Figure 1: Automated multivariate phenotyping of cells by combinatorial RNAi and automated image analysis.

The Huber group develops large-scale statistical models that integrate genomic, molecular and phenotypic data to understand the variations between individuals in health and disease.

Previous and current research

A central challenge of biomedicine is to understand how the biological systems that underlie healthy life and disease react to variations in their make-up (genetic variation, for example) or their environment (drugs, for example). Our group brings together researchers from quantitative disciplines – mathematics, statistics, physics and computer science – and from different fields of biology and medicine.

We employ statistics and machine learning to discover patterns in large datasets, understand mechanisms, and act upon predictive and causal relationships to, ultimately, address questions in personal genomics and molecular medicine.

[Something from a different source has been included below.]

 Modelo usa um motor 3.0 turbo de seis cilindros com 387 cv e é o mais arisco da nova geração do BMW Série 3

More specifically, we use large-scale data acquisition and quantitative modelling of phenotypes and molecular profiles, systematic perturbations (such as drugs or high-throughput genetics) and computational analysis of non-linear, epistatic interaction networks.

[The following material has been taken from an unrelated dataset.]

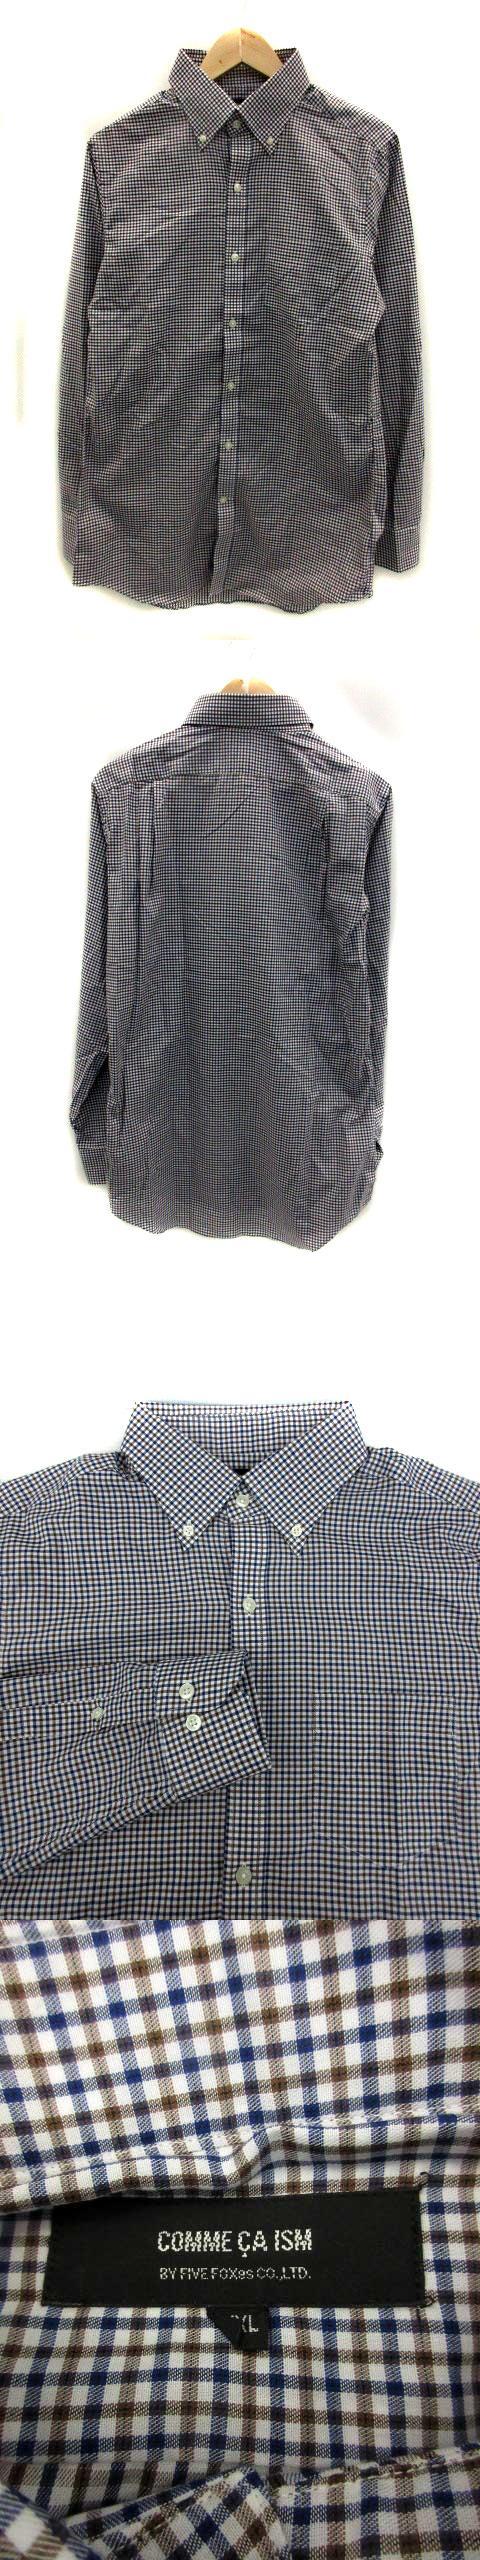 シャツ カジュアル  ボタンダウン 長袖 チェック柄 大きいサイズ XXL マルチカラー 青 ブルー /HO12

Genomics and other molecular profiling technologies have resulted in increasingly detailed biology-based understanding of human disease. The next challenge is using this knowledge to engineer treatments and cures. We integrate observational data – such as from large-scale sequencing and molecular profiling –, with interventional data – systematic genetic or chemical screens – to reconstruct a fuller picture of the underlying causal relationships and actionable intervention points. A fascinating example is our work on genotype-specific vulnerability and resistance of tumours to targeted drugs in our precision oncology project.

As we engage with new data types, our aim is to develop high-quality computational and statistical methods of wide applicability. We consider the release and maintenance of scientific software an integral part of scientific publishing, and we contribute to the Bioconductor Project, an open source software collaboration to provide tools for the analysis and study of high-throughput genomic data. An example is our DESeq2 package for analysing count data from high-throughput sequencing.

Future projects and goals

We aim to develop the computational techniques needed to analyse exciting biological data types:

  • Clinical multi-omics: we work with clinical researchers to develop predictive assays and algorithms.
  • Many powerful mathematical ideas exist but are difficult to access. We translate them into practical methods and software that make a real difference to biomedical researchers, an approach we term ‘translational statistics’.
  • Quantitative proteomics and in vivo drug-target mapping.
  • Single-cell and single-molecule -omics.
  • High-throughput multidimensional phenotyping: mapping gene-gene and gene-drug interactions through computational image analysis of cell and tissue microscopy, machine learning and mathematical modelling.
Figure 2: Ternary plots of relative sensitivities to targeted kinase inhibitors for a cohort of primary tumour samples of chronic lymphocytic leukaemia (CLL).

Figure 2: Ternary plots of relative sensitivities to targeted kinase inhibitors for a cohort of primary tumour samples of chronic lymphocytic leukaemia (CLL).